First of all, due to the large amount of junk you will buy, it is absolutely necessary that you start with the simple step of pulling a bank robbery. Robbing a bank is a quick, cost-effective way to get a large sum of money with minimum work required. Of course, choose the most secure, best guarded bank in the country, because that’s where all the goodies are stashed. To avoid looking suspicious, wear something shady while walking to and fro and stare at the vault door. That way, no one will ever suspect anything, and you’ll look right at home. Remember to also bring banana peels— they will be your most useful diversion. When the moment is right, throw all your banana peels onto the ground. People will trip over them and die (this works about 0.01% of the time), and you can get to the money with ease. The remaining instructions are pretty self-explanatory, but if you lack common sense, you can always find step-by-step instructions on WikiHow.

The day before Black Friday, you must camp out in front a store so you can be first in line when the shopping frenzy starts. If anyone tries to cut you in line, fight them with anything you have at hand. Hit them with shoes, tufts of hair, your AP Biology book (good riddance!), throw your phone at them if you have to — you are facing a life-threatening situation and must do anything to protect your spot.

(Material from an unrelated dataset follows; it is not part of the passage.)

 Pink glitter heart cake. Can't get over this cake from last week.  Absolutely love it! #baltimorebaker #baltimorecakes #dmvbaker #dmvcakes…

Before drowning yourself in the shopping frenzy, you must first prepare a terrifying costume. It is absolutely necessary that you follow this point, because not only will this help you avoid detection from the police should you do something illegal (which is pretty unlikely, what’s to fear?), but you can also give your enemies a good scare. I would recommend buying a Party City Hello Kitty costume, but in all seriousness, a Trump mask would also suffice.

Once you’re in the store, make sure you stock up on the proper weapons. Have a can of pepper spray with you in case other people try to hoard everything. Aim for their eyes and nose, and run away with their shopping carts. Durians are another key tool in repelling crazy shoppers. Their smell can serve as great narcotics, though if that doesn’t work, you can always throw them. Durians are hard, spiky, and can do a lot of damage if thrown right.

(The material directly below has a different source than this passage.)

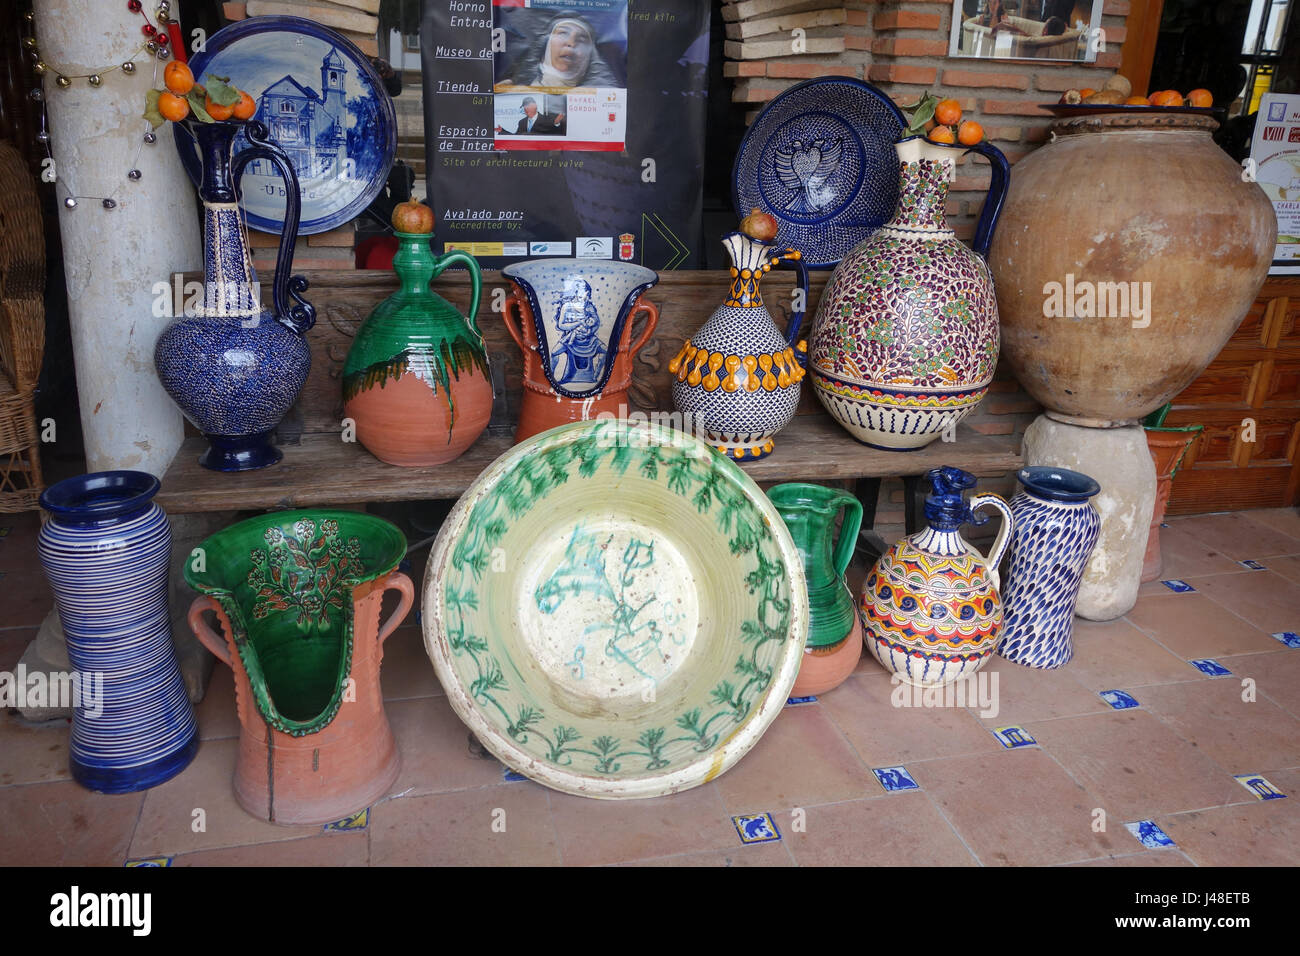 La céramique espagnole en vente dans Ubeda en Andalousie Espagne Banque D'Images

Unfortunately, if other people start to catch on to your ideas, you’ll need some forms of protection. Goggles are great to avoid pepper spray, though I also suggest wearing a full suit of armor (the plastic kind) over your Trump getup. Be extremely careful with your beautiful hairdo though, you don’t want to mess that up.

When you’re done shopping, you must proceed to the cashier’s table. Though you’ve robbed a bank and committed multiple felonies, you must pay for the items you get. That’s the entire context of Black Friday- it’s all for the sales!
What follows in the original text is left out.